Compared with a chemical method, the method for obtaining the COD concentration by utilizing the relation between the absorbance and the COD concentration in the detection has the advantages of simple operation and maintenance, low failure rate, no need of adding a chemical reagent, no secondary pollution, short test time and short response time, and can be applied to on-line monitoring.
The current light path that adopts ultraviolet photometry to detect COD device is single, can not eliminate the influence of turbidity to COD to the light path device is mostly split type, and stray light has very big influence to the COD measured value like this.
SUMMERY OF THE UTILITY MODEL
Utility model purpose: the utility model aims at providing an online COD detection's of ultraviolet photometry device can eliminate turbidity to the influence of COD measured value, adopts the integral type structure to reduce stray light to the influence of COD measured value simultaneously.
The technical scheme is as follows: the utility model relates to an online COD detection device of ultraviolet photometry, including LED lamp pearl, deuterium lamp, first biconvex lens, second biconvex lens, third biconvex lens, first silicon photodiode, second silicon photodiode, quartzy flowing cuvette, first light filter, second light filter and main body frame, LED lamp pearl and first biconvex lens are installed on the left baffle in main body frame in parallel, are located the same height; the deuterium lamp is arranged on the left side of the first biconvex lens, and the center of the light source of the deuterium lamp and the center of the first biconvex lens are positioned on the same horizontal line; the second biconvex lens and the third biconvex lens are nested on a support plate in the main body frame, the center of the second biconvex lens and the center of the first biconvex lens are positioned on the same horizontal line, and the center of the third biconvex lens and the center of the LED lamp bead are positioned on the same horizontal line; a quartz flow cuvette fixed on the main body frame through a gland is arranged between the left baffle and the support plate, a first optical filter and a second optical filter are arranged on the left side of the quartz flow cuvette, the center of the first optical filter and the center of the first biconvex lens are positioned on the same horizontal line, and the center of the second optical filter and the center of the LED lamp bead are positioned on the same horizontal line; the LED lamp is characterized in that a first silicon photodiode and a second silicon photodiode are arranged on the right baffle plate in the main body frame, the center of the first silicon photodiode and the center of the first biconvex lens are located on the same horizontal line, and the center of the second silicon photodiode and the center of the LED lamp bead are located on the same horizontal line.
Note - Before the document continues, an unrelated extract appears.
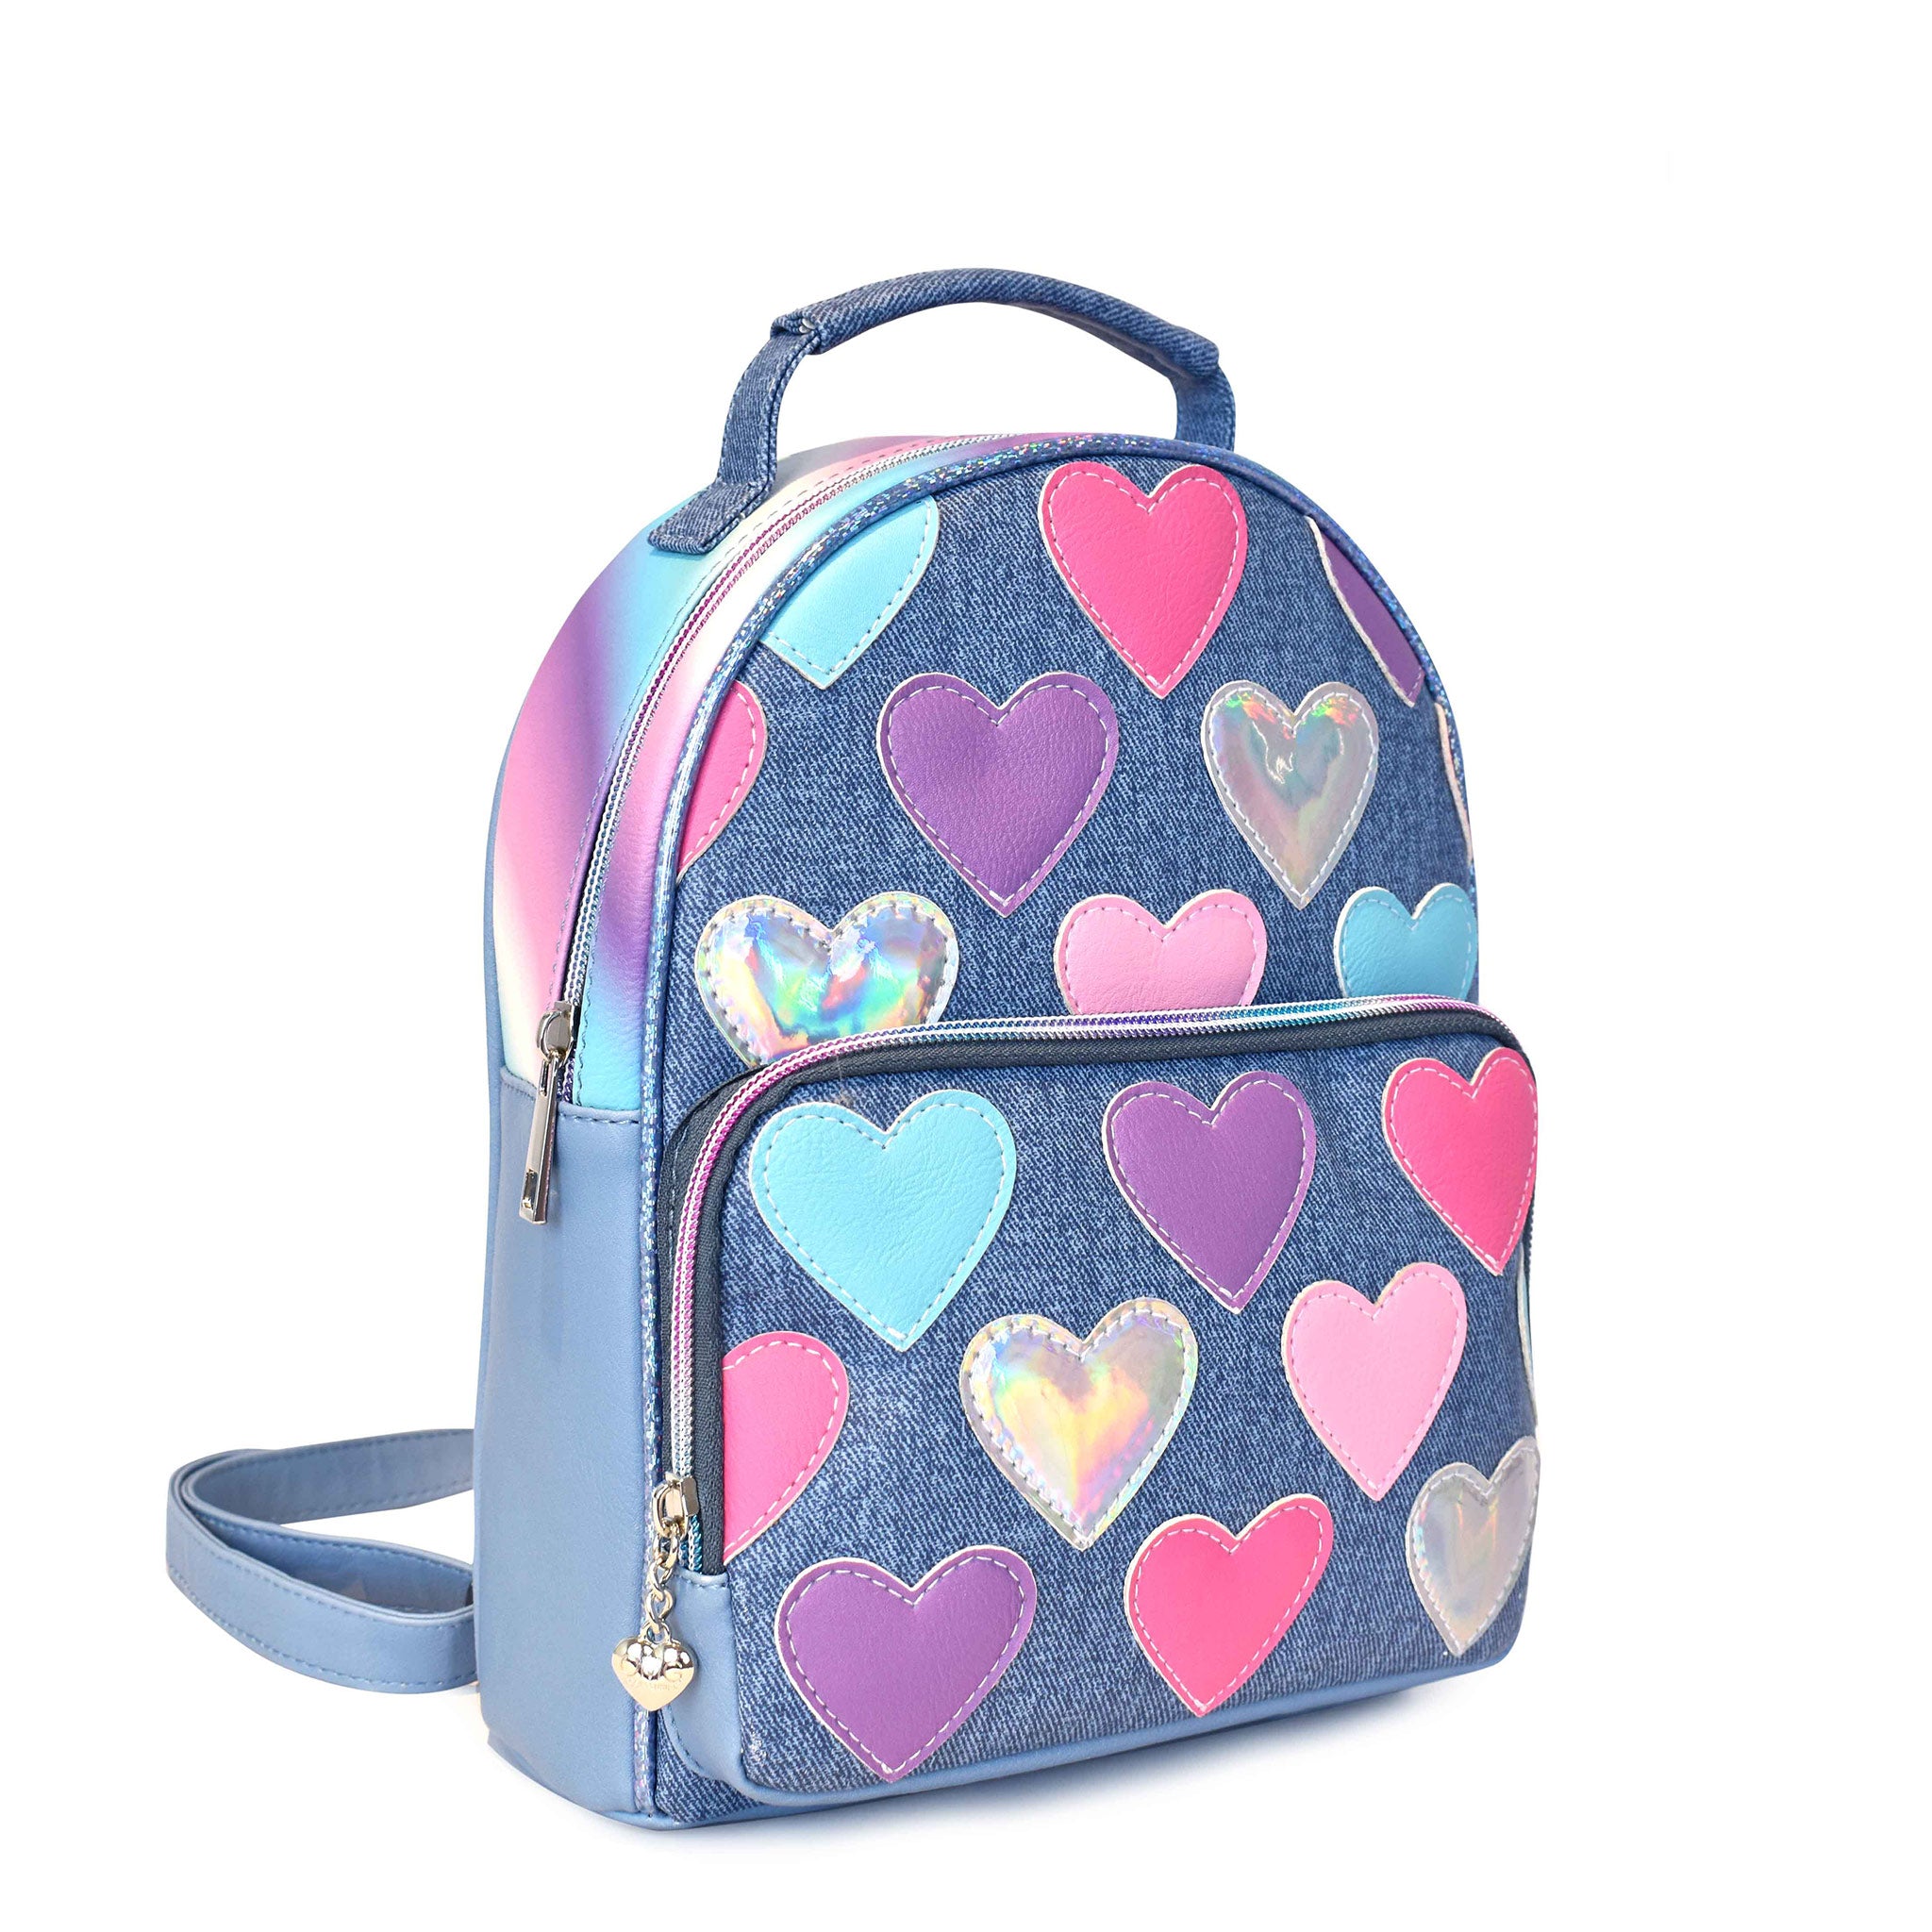 Side view of a denim mini backpack covered in heart patches with a front zipper pocket and top handle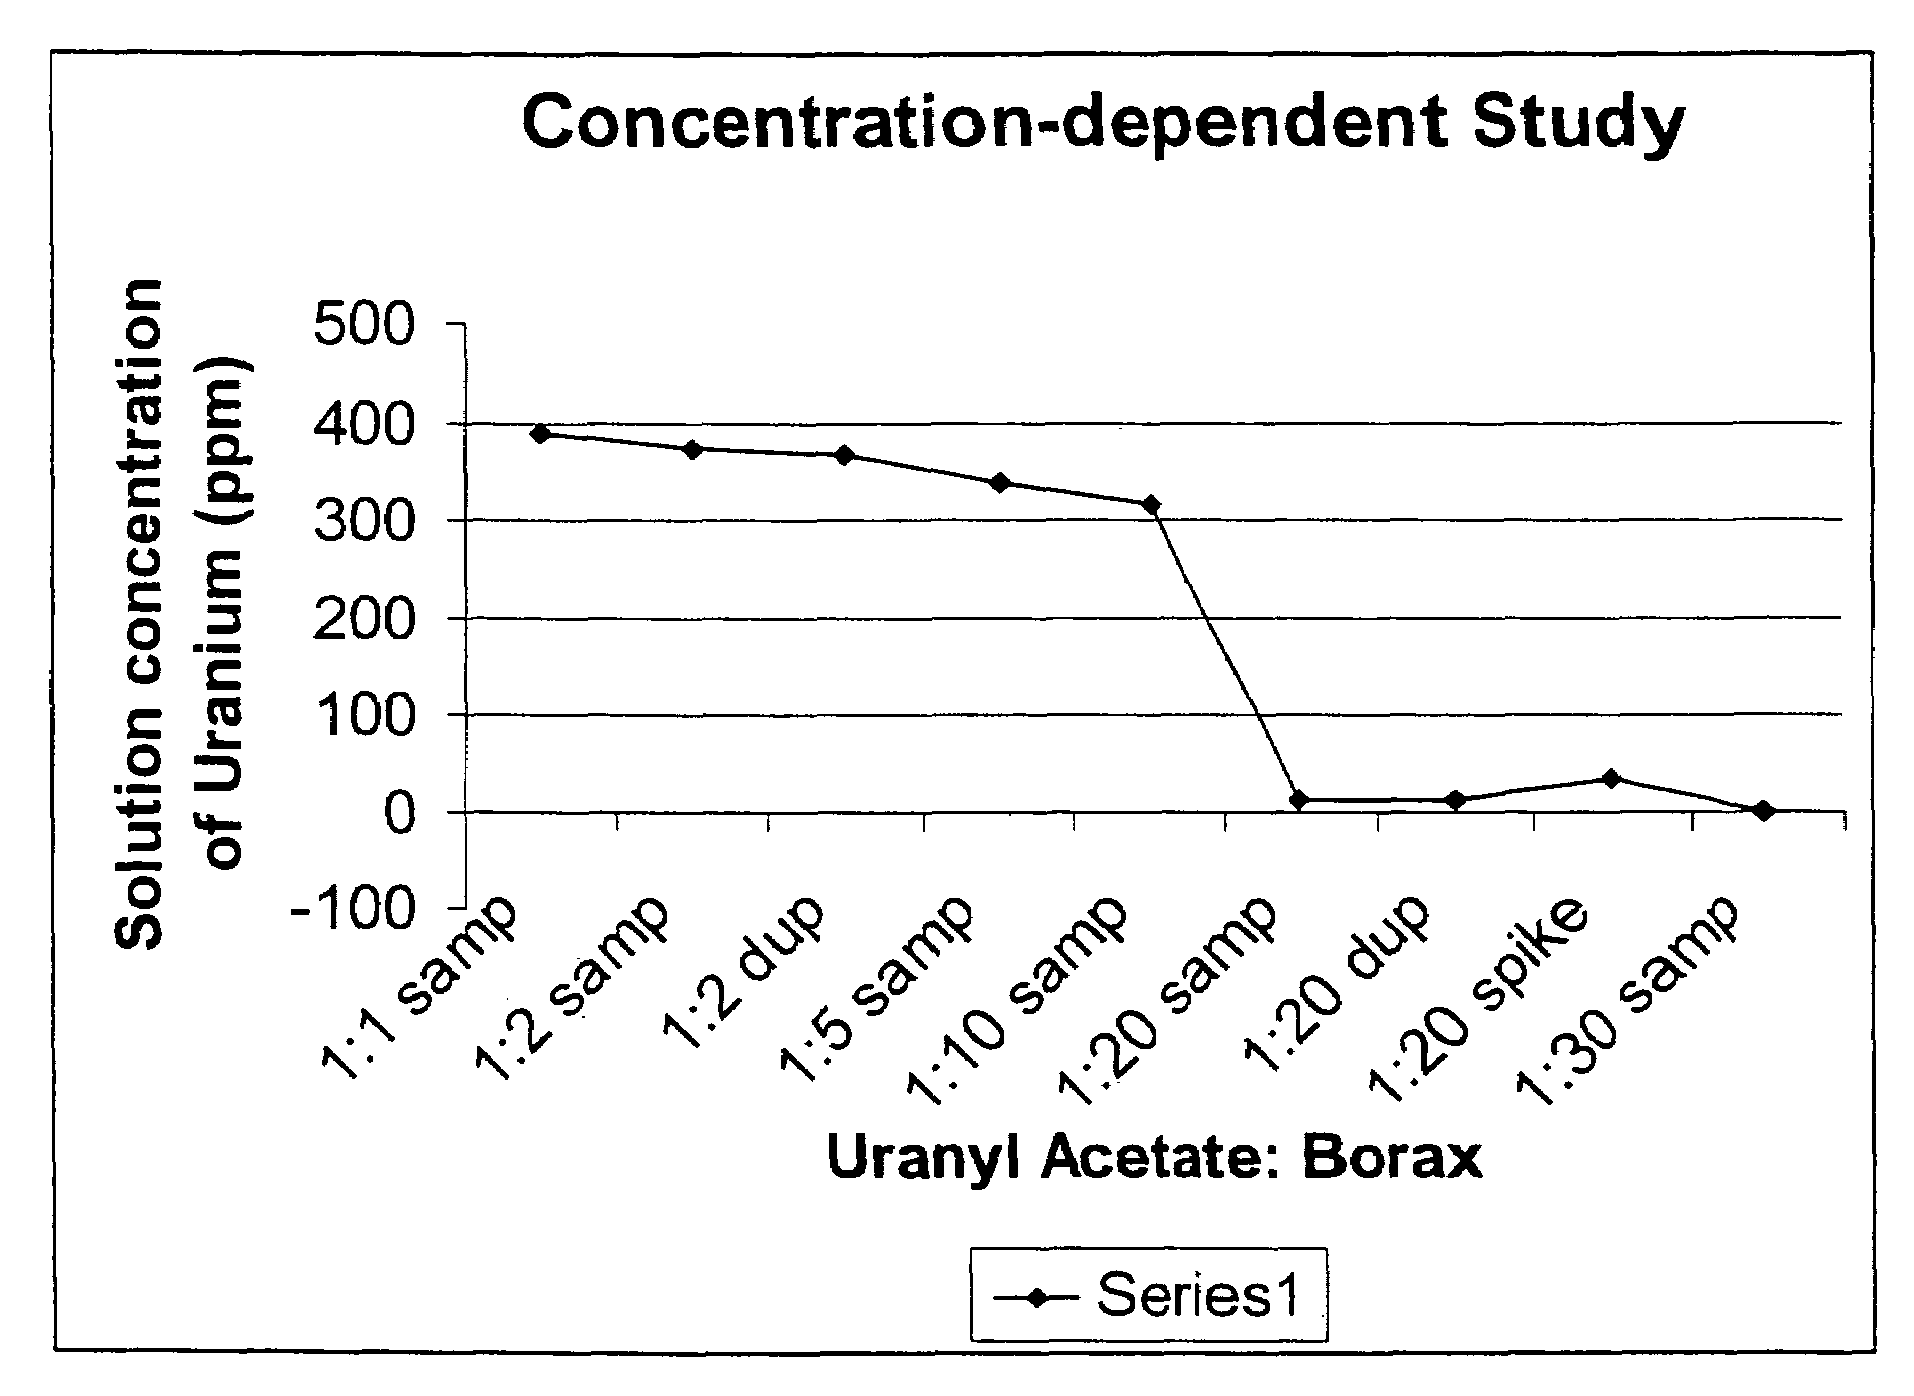 Use of boron compounds to precipitate uranium from water

Preferably, the deuterium lamp is positioned at the focal position on the left side of the first biconvex lens.
Preferably, the first silicon photodiode position coincides with a right focal position of the second biconvex lens, and the second silicon photodiode position coincides with a right focal position of the third biconvex lens.
Preferably, the optical path of the quartz flow cuvette is 10 mm.
Preferably, the main frame is made of black ultraviolet corrosion resistant material.
Has the advantages that: the utility model discloses a holistic light path device has reduced stray light to the influence of COD measured value, has eliminated the influence of turbidity to the COD measured value in the method that utilizes the relation of absorbance and COD concentration to try to get COD concentration simultaneously, can accurately obtain the COD measured value in real time.
Drawings
Fig. 1 is a top view of the present invention;
fig. 2 is a left side view of the present invention.
Detailed Description
As shown in fig. 1-2, for the utility model discloses a structure diagram, the utility model discloses a LED lamp pearl 1, deuterium lamp 2, first biconvex lens 3, second biconvex lens 4, third biconvex lens 5, first silicon photodiode 6, second silicon photodiode 7, quartzy mobile cuvette 8, first light filter 9, second light filter 10 and main body frame, 550nmLED lamp pearl has been adopted wherein, 254 mm's the first silicon photodiode of silicon light, 550 mm's the second silicon photodiode of silicon light, 254 nm's first filter and 550 nm's second filter to whole utility model's main body frame material has adopted the material that black resists ultraviolet corrosion.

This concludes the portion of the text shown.